Schneider Electric, a global industrial company that is growing rapidly in India, plans to hire 60% more graduates this year compared to last year, which would translate to hundreds of hires, said Runita Verma, director of talent acquisition and mobility for Schneider in India.
For some roles, her team this year visited skill development centers in such smaller towns as Tirunelveli and Jamshedpur. "My numbers are increasing, the type of roles are increasing, and the type of campuses I'm going to are also increasing," said Verma.
To sift through the talent, which is based thousands of kilometers away from the company's headquarters, recruiters are turning to new technologies and video-based tools.
Dabur India, a manufacturer of such consumer products as health supplements and oils, is expanding its distribution network into rural and small-town India, for which it needs to hire an army of salespeople.
"We've used technology to do first-level filtration," said V. Krishnan, executive director, HR for Dabur.
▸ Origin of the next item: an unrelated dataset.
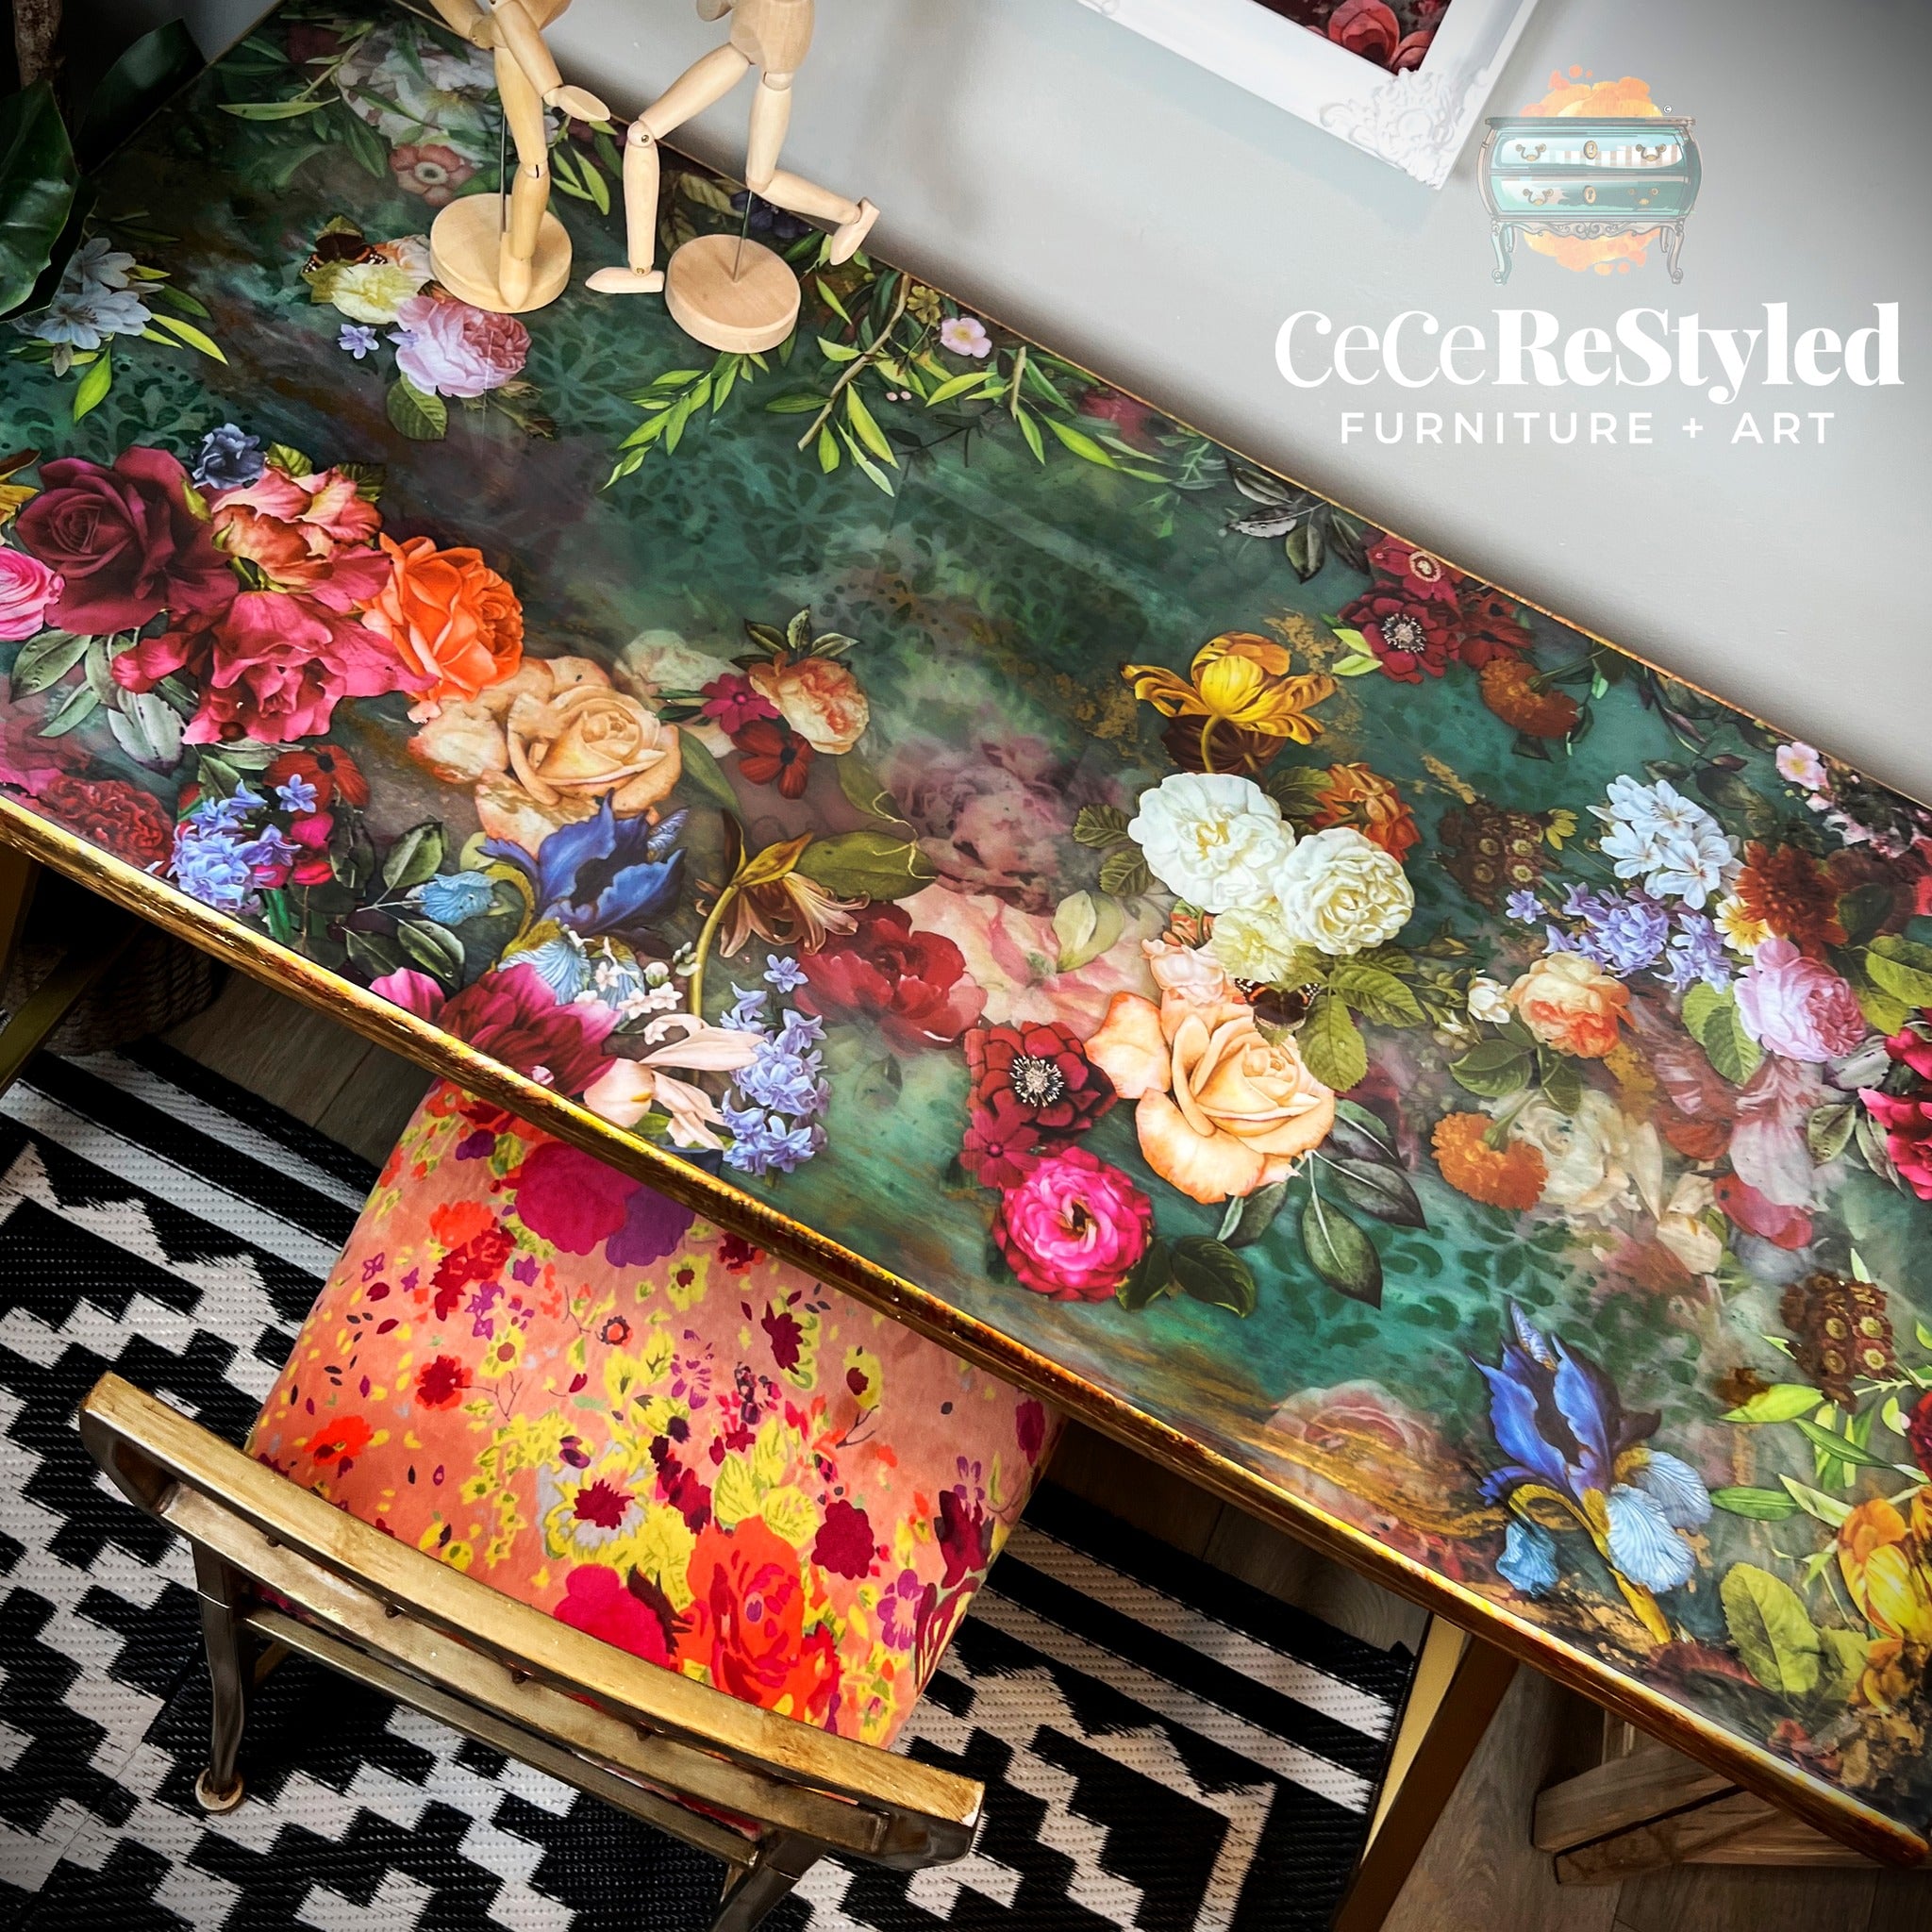 A desk refurbished by CeCe ReStyled features ReDesign with Prima's Blossomed Beauties small transfer on the desktop along with other floral transfers to create a beautiful flower garden against a dark green teal background.

The company recently started using a program in which the job-seeker gets a link where he or she is asked a series of questions relevant to the candidate's personal and educational background and the role. The candidate answers into a mobile phone camera or a webcam, and a video of their responses is sent to Dabur's HR team, which can determine whether the candidate is worth calling for a second round of interviews. "This is one area where we've found a fair amount of success," said Krishnan.
Challenges Remain
To be sure, challenges remain in scouting for talent away from major cities and well-known college campuses. One big challenge is employability. Recruiters have long lamented that many students graduating from lesser-known colleges have academic knowledge but not the practical skills needed to deliver on roles they are hired for. To counter this, many companies provide training programs for three to six months to help students become job-ready.
For the nationwide talent tests, unstable internet connectivity, technical glitches and periodic electricity blackouts pose problems. One reason that companies prefer to do these tests via designated centers, rather than allowing students to take them at home, is because if there is a failure of electricity or a network breakdown, it's easier to co-ordinate with a center.
Another major issue, recruiters say, is asymmetry of information in smaller towns, which makes job candidates susceptible to fraud. While companies don't charge any fees for taking their tests or hiring challenges, middlemen sometimes "sell" these tests or jobs at companies for a commission.
Despite the challenges, recruiters expect to step up their game in expanding potential talent pools.
"If we really want to make this something that is long term, we cannot miss out on talent which may not be in the main catchment area," said Lobo of Infosys. "Talent is available everywhere."